Rand Paul: I passed my ophthalmology certification, but took a stand against the way the board operates
Rand Paul has responded to a story in the Courier-Journal on the candidate's history with the American Board of Ophthalmology. The paper reported that Paul was no longer certified by the ABO -- the Paul campaign explains that this was a principled stand, and that he could be certified at any time.
"Is it fair that the ophthalmologist down the street can claim board certification, without renewing it, but that a younger ophthalmologist, who passed the same boards, is disallowed?" asks Paul, explaining why he let his certification lapse. "This is the kind of hypocritical power play that I despise and have always fought against. It reminds me of congress passing health care legislation but exempting themselves from their own laws."
Paul is continuing his practice as he campaigns -- he's responding now, in part, because the story and opposition research threatened to affect his work.
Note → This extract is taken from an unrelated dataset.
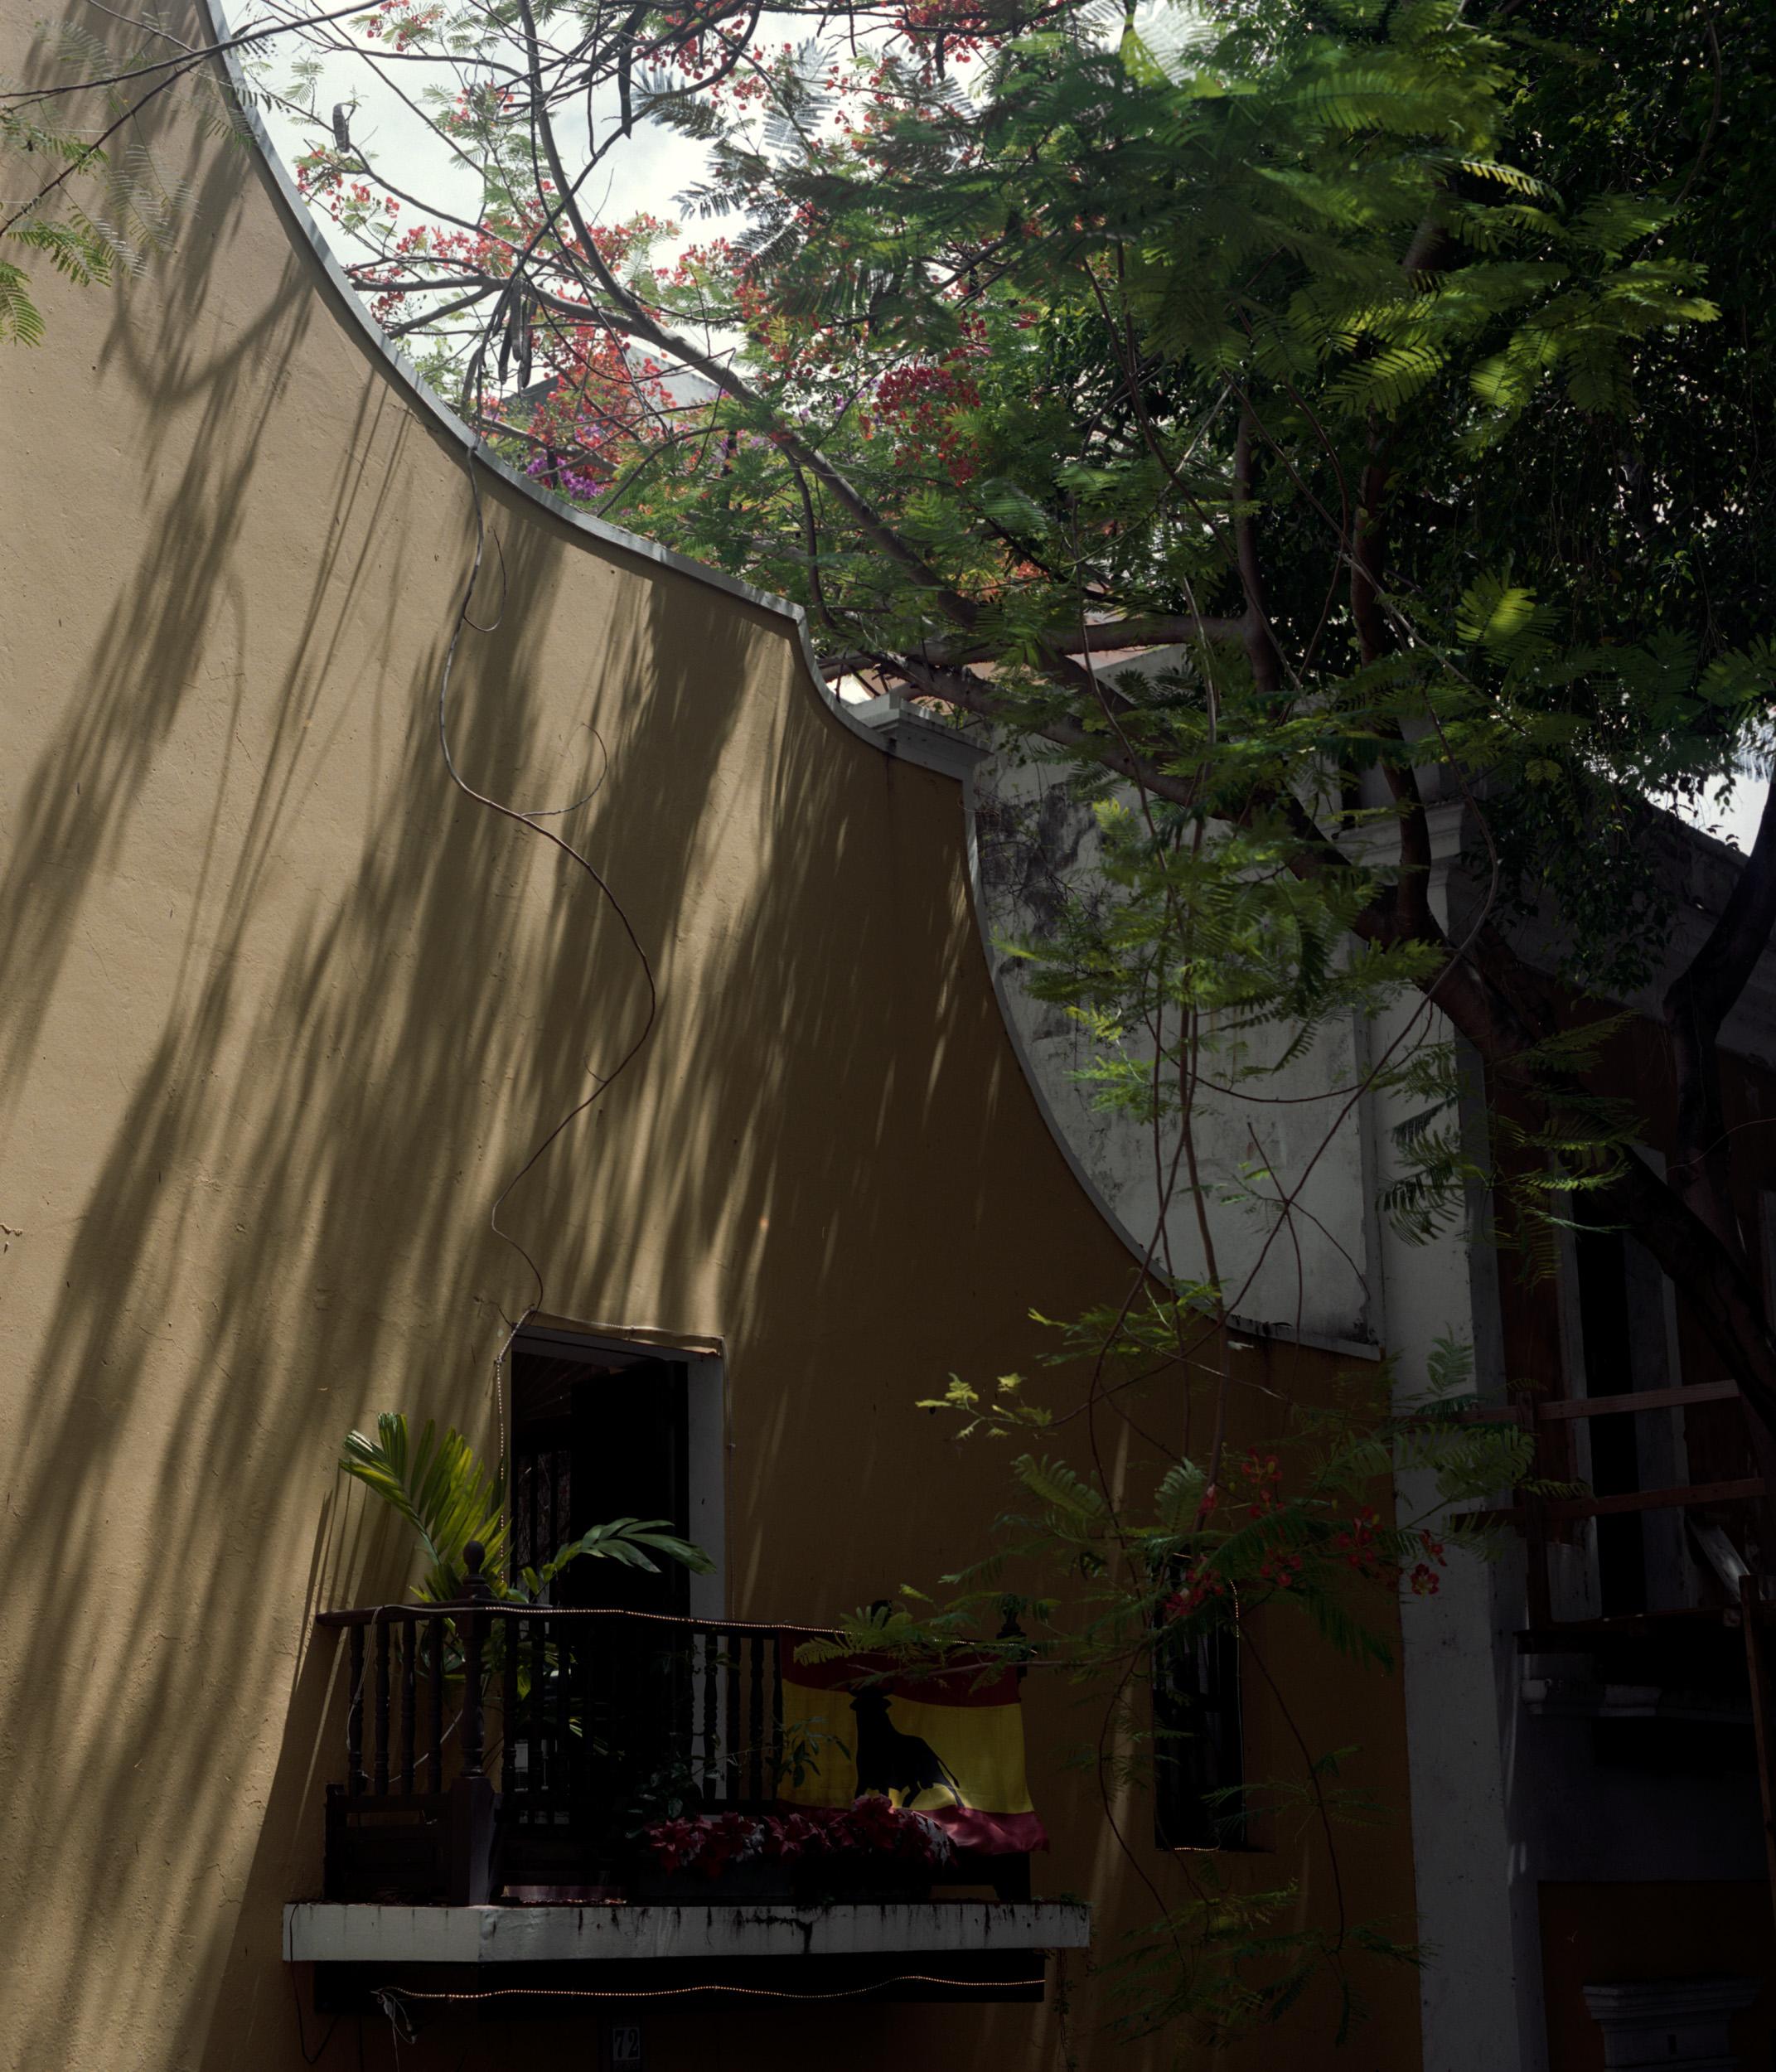 Puerto Rico056.jpg

Whole statement below the fold.
I took the American Board of Ophthalmology (the largest governing body in ophthalmology) boards in 1995, passed them on my first attempt (as well as three times during residency), and was therefore board-certified under this organization for a decade.
In 1997, I, along with 200 other young ophthalmologists formed the National Board of Ophthalmology to protest the American Board of Ophthalmology's decision to grandfather in the older ophthalmologists and not require them to recertify.
I thought this was hypocritical and unjust for the older ophthalmologists to exempt themselves from the recertification exam.
In forming NBO, the younger ophthalmologists agreed to require recertification for all ophthalmologists.
In my protest to the American Board, I asked, “If the ABO thinks that qualify of care would be improved by board testing every decade, shouldn’t this apply to all doctors, not just those of a certain age? In fact, many of us argue that the older ophthalmologists need recertification even more since they are more distant from their training.
Is it fair that the ophthalmologist down the street can claim board certification, without renewing it, but that a younger ophthalmologist, who passed the same boards, is disallowed?
This is the kind of hypocritical power play that I despise and have always fought against. It reminds me of congress passing health care legislation but exempting themselves from their own laws. I protested to the ABO, as did many other younger doctors. This is when I came up with the idea of creating a competitor to the ABO, and formed a new organization, the National Board of Ophthalmology. Keep in mind that neither of these groups have anything to do with medical licensure, which is handled by the state boards.
ABO claims it is illegal to call for recertification of all ophthalmologists. This is untrue. ABO is a private group and create any rules they wish. (even discriminatory policies based on age) Having all its members recertify is not illegal just impractical because the older ophthalmologists will vote against it.
ABO argues that the older ophthalmologists were given "lifetime certification." This is also untrue. The certificates of the older ophthalmologist do not refer or explicity grant "lifetime" certification.
ABO argues that they are the legitamate organization because they are recognized by the American Board of Medical Specialties (ABMS). They fail to explain that ABO helped found ABMS and gets to vote on who is approved by ABMS. One can imagine why ABMS and ABO would not want to approve a competitor.